The merit list of SKZMDC has not been displayed  .They say that students with aggregate 87 and above can again change their preference regarding SKZMDC. What the hell is this  .They should first accommodate the students who had already given their preference as SKZMDC. They are going against their own laws. I am thinking of filing a case against them for this injustice  .What are your views regarding this?

- - - Updated - - -

Also the merit list of SKZMDC according to old preferences close around 84.9...so if you have aggregate of 85...you still have chance in SKZMDC....only if justice is done


----------



## mantshaa (Oct 29, 2012)

Yeah we should do that


----------



## miss (Jan 12, 2013)

i agree with you although i have agg of 86.1622 and have fair enough chance even if they consider above 87 for skbmc but that is unfair they mention in prospectus that prefernces once given cannot be changed then they should also offer us to change bds preerences i want to do it

- - - Updated - - -

moeed are you realy gonna fire up case plz do it bcz i cannot


----------



## Zaheen Fatima (Sep 27, 2013)

Mian Moeed Ahmad said:


> The merit list of SKZMDC has not been displayed  .They say that students with aggregate 87 and above can again change their preference regarding SKZMDC. What the hell is this  .They should first accommodate the students who had already given their preference as SKZMDC. They are going against their own laws. I am thinking of filing a case against them for this injustice  .What are your views regarding this?
> 
> - - - Updated - - -
> 
> Also the merit list of SKZMDC according to old preferences close around 84.9...so if you have aggregate of 85...you still have chance in SKZMDC....only if justice is done


what i think the no of students they could accomodate ve been taken by them,everything has been decided just arrangment change hoge and fee structure of theirs is also different 200000 per year (SKZMDC)........cases are piled up just...wastage ov energy and money......!!


----------



## AbraDabra (Feb 5, 2012)

Fee has been reduced to 20k.
It was the fair thing to do I think.
Its closing merit will probably be 87.7-87.6, considering its in Lahore, only has 90 seats, and every kid has a difference of only 0.002% between them


----------



## Zaheen Fatima (Sep 27, 2013)

just 90 seats it would not make much diffrence....:roll:..so what is the use of moaning over it.....accept whatever is there:speechless:


----------



## Mian Moeed Ahmad (Nov 14, 2013)

miss said:


> i agree with you although i have agg of 86.1622 and have fair enough chance even if they consider above 87 for skbmc but that is unfair they mention in prospectus that prefernces once given cannot be changed then they should also offer us to change bds preerences i want to do it
> 
> - - - Updated - - -
> 
> moeed are you realy gonna fire up case plz do it bcz i cannot


I have already filed a case from my city(Bahawalpur) in high court.

- - - Updated - - -



AbraDabra said:


> Fee has been reduced to 20k.
> It was the fair thing to do I think.
> Its closing merit will probably be 87.7-87.6, considering its in Lahore, only has 90 seats, and every kid has a difference of only 0.002% between them


What you think is not right.....UHS is going against its own rules i-e selection of candidates according to merit and first preference.... Get it???

- - - Updated - - -



Zaheen Fatima said:


> just 90 seats it would not make much diffrence....:roll:..so what is the use of moaning over it.....accept whatever is there:speechless:


Do you know that the merit of SKZMDC according to old preferences given by students is about 85-86....It's because of the fact that the fee of SKZMDC in prospectus was 2lac.....many candidates with aggregate 87 and above gave other preference than SKZMDC....

- - - Updated - - -



mantshaa said:


> Yeah we should do that


I am doing what I can but I can really use some help here....file a case from ur city....This is all Lahorians Badmashi...they cant see a college of Lahore with lower merit than other med colleges


----------



## AbraDabra (Feb 5, 2012)

Sigh. Mian, im a Lahori myself, and I applied to SK, placed it high on the preference list, so go make your derogatory remarks elsewhere.

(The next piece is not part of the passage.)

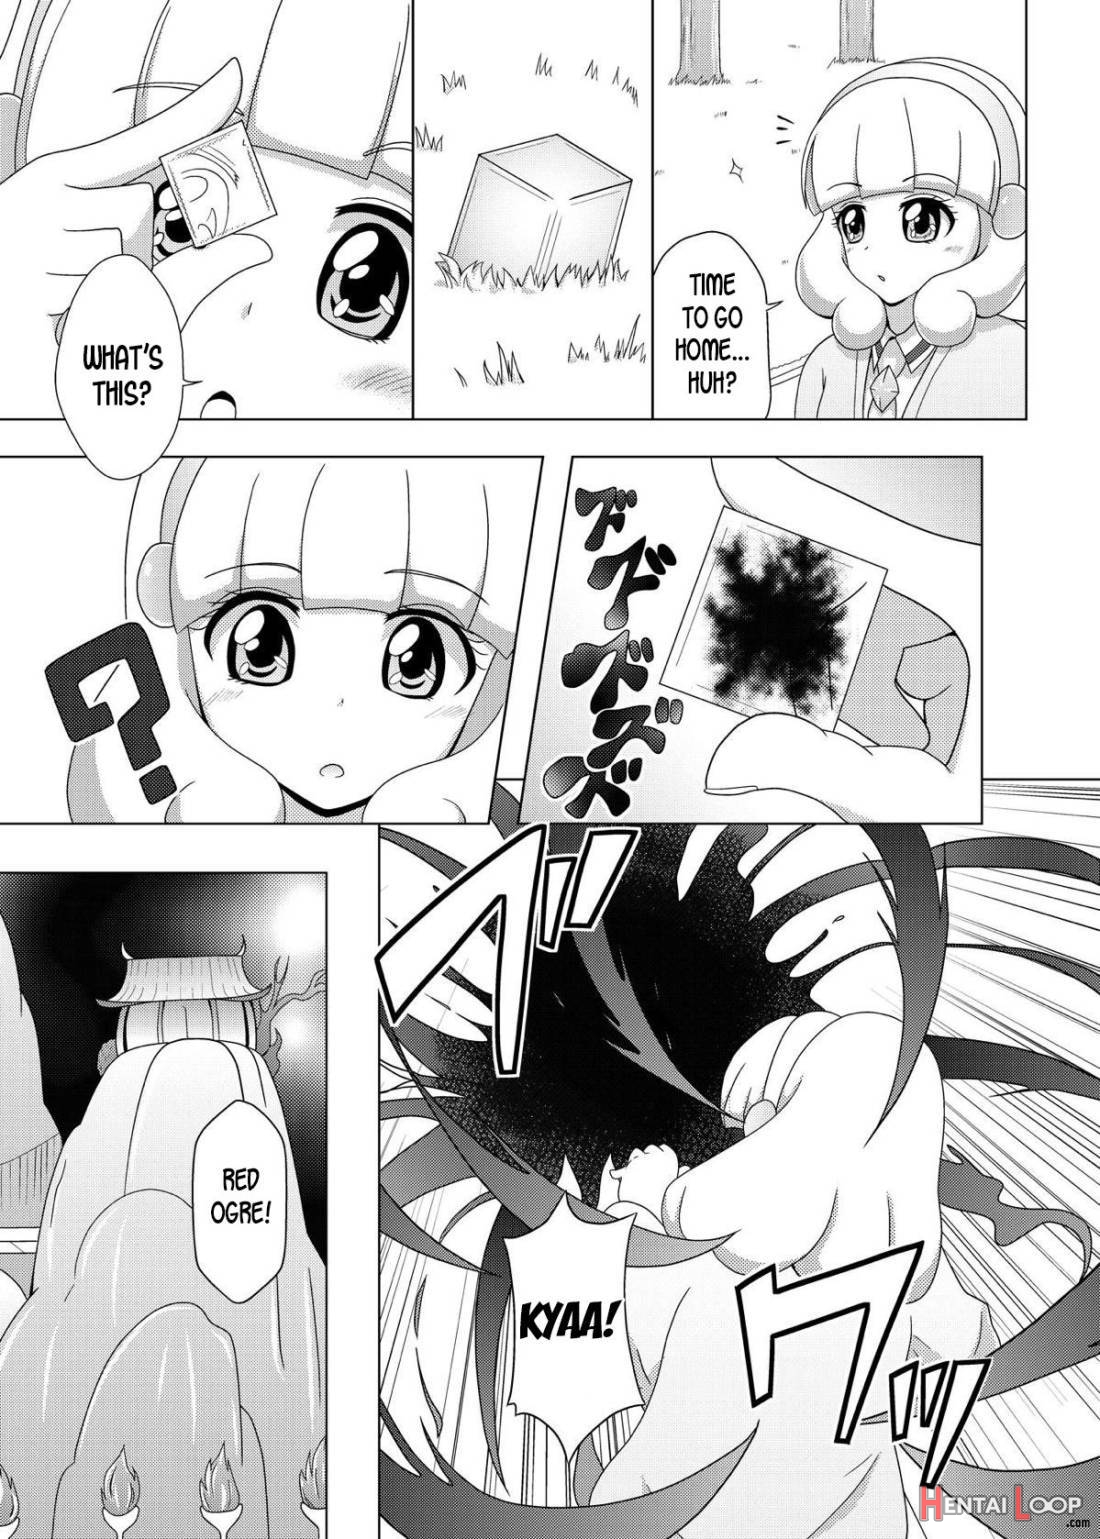 Bad End Yayoi-chan! page 4

Now, if you're willing to grow up, hear this. The UHS rules are malleable according to UHS's command. If they want to change something, they have full authority to do so at their own discretion. Its an independent institution in its own right. You are the one going to them for admissions, not the other way around.

The previous method would have been broken because the fee change was after giving preference. This is the actual fair route to take, and I say this as a person not having achieved 87%. 

Thirdly, your court cases will have zero affect. Not only will it be seen as frivolous and childish, the court backlog is enormous and they have higher issues to deal with, and you will most likely lose in the end because your argument is baseless. What are you going to say, that you want to sue UHS because they went out of their way to be fair to the people of Pakistan for once? 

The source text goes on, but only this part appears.